In another embodiment of the first aspect, a top, away from the second side, of the first radiation arm is of an arc-shaped structure, and the top, away from the second side, of the first radiation arm faces the first side. In other words, an endpoint position of the first radiation arm is of the arc-shaped structure, and the arc faces the first side.
In another embodiment of the first aspect, a top, away from the second side, of the second radiation arm is of an arc-shaped structure, and the top, away from the second side, of the second radiation arm faces the third side. In other words, an endpoint position of the second radiation arm is of the arc-shaped structure, and the arc faces the third side.
In another embodiment of the first aspect, the bearing plate is a conductor part. The conductor part includes a metal part or a metal plating part.
In another embodiment of the first aspect, the antenna assembly may further include a first support part and a second support part. The first support part is disposed at a position of the first antenna gap, and is configured to support the first radiation arm and the bearing plate. The second support part is disposed at a position of the second antenna gap, and is configured to support the second radiation arm and the bearing plate.
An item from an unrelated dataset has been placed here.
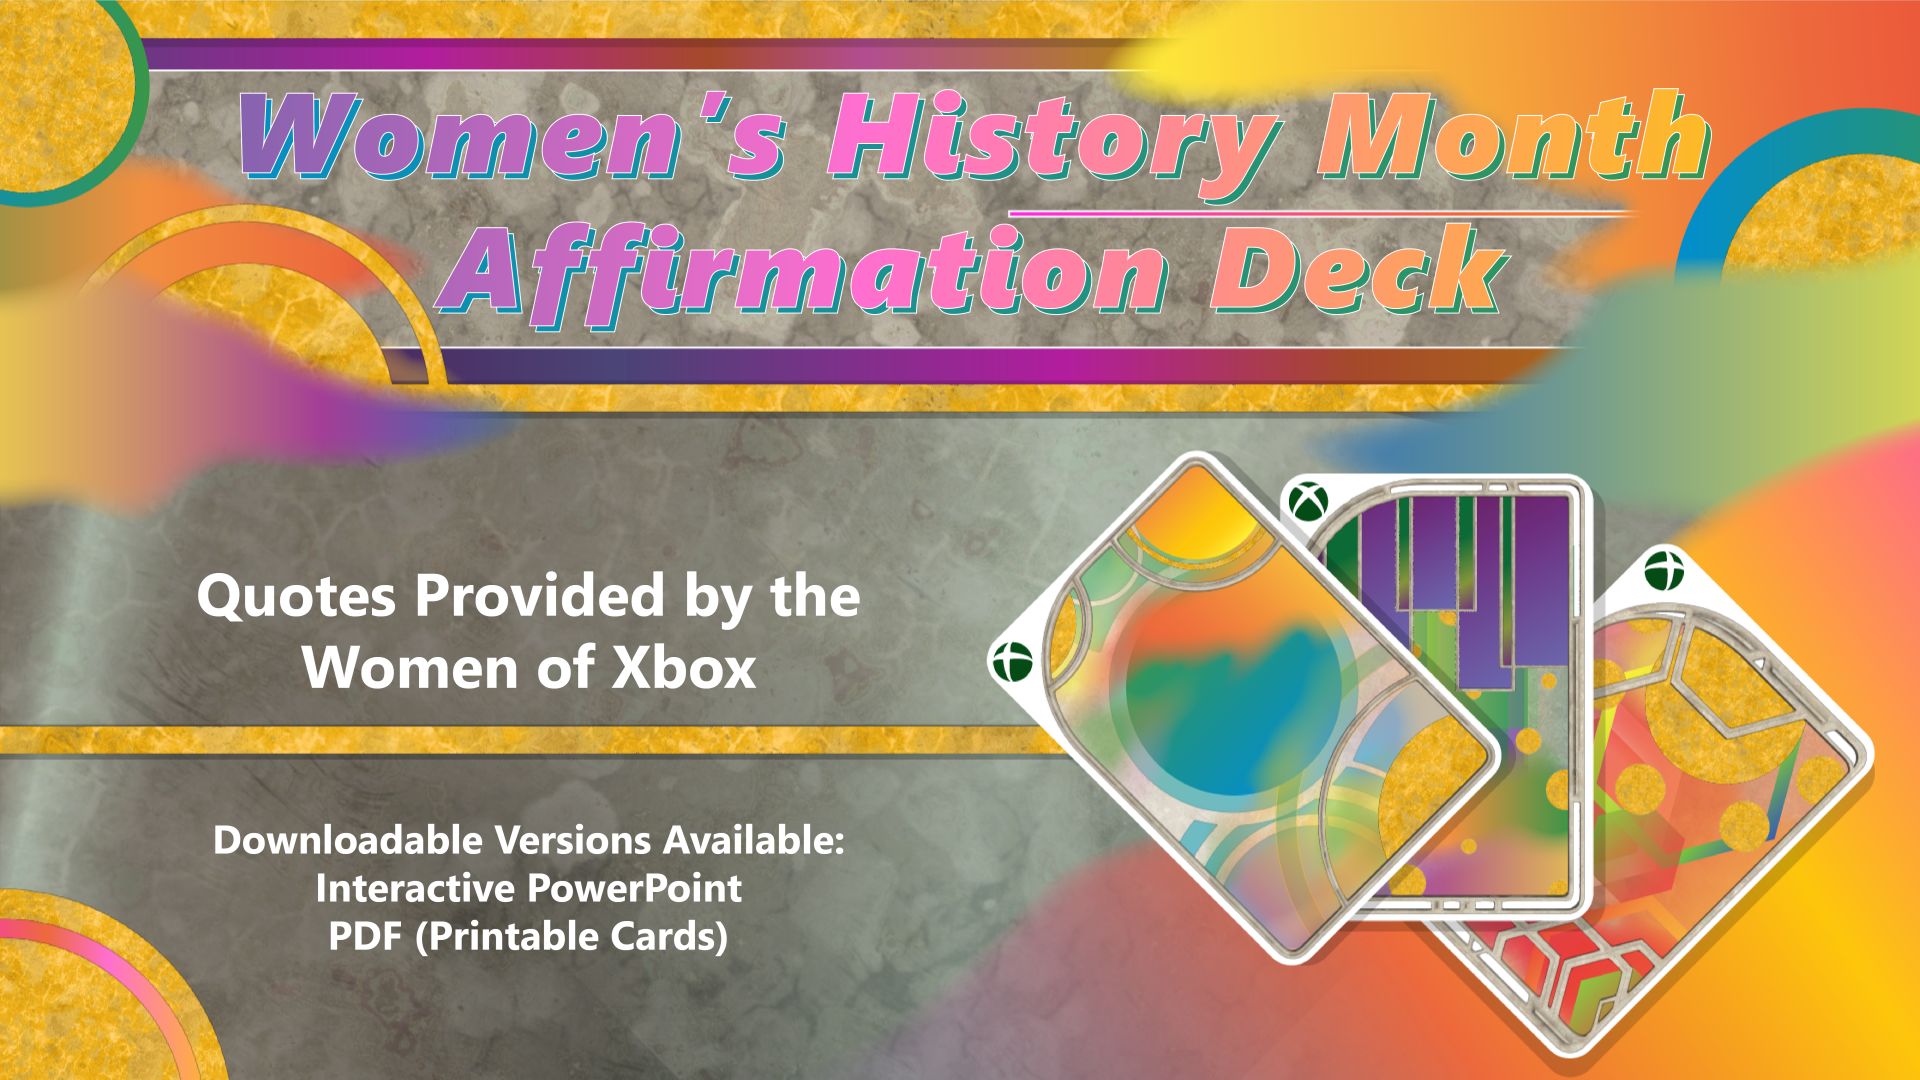 Herunterladbare und druckbare Versionen des Affirmations-Decks zum Monat der Frauengeschichte verfügbar.

According to a second aspect, this application further provides a wireless access device. The wireless access device may include at least one antenna assembly in the first aspect and any embodiment of the first aspect, at least two radio frequency chipsets, and a mainboard. A radio frequency output end of each radio frequency chipset is connected to the first port and the second port in the antenna assembly, and a feed ground end on the mainboard is connected to the first ground point and the second ground point in the antenna assembly.
In an embodiment of the second aspect, the antenna assembly fits the mainboard, and the antenna assembly is located at a position close to an edge of the mainboard.
In another embodiment of the second aspect, the radio frequency chipset includes a first radio frequency chipset and a second radio frequency chipset. The first radio frequency chipset is disposed on a first surface of the mainboard, and the second radio frequency chipset is disposed on a second surface of the mainboard.
The first radio frequency chipset and the second radio frequency chipset are separately disposed on two sides of the mainboard. This may effectively save an area of the mainboard and helps miniaturize the wireless access device.
In another embodiment of the second aspect, the wireless access device further includes a matching circuit. An input end of the matching circuit is connected to the output end of the radio frequency chip set, and an output end of the matching circuit is connected to the first port or the second port. The matching circuit is configured to adjust a radio frequency signal received by the first port or the second port.
In another embodiment of the second aspect, the wireless access device may include a first antenna assembly and a second antenna assembly. A value of a distance between the first antenna assembly and the second antenna assembly is greater than a preset distance value.
The following terms “first” and “second” are merely intended for a purpose of description, and shall not be understood as an indication or implication of relative importance or implicit indication of a quantity of indicated technical features. Therefore, a feature limited by “first” or “second” may explicitly or implicitly include one or more features. In the descriptions of the embodiments, unless otherwise stated, “a plurality of” means two or more than two.
The following explains terms in the embodiments of this application.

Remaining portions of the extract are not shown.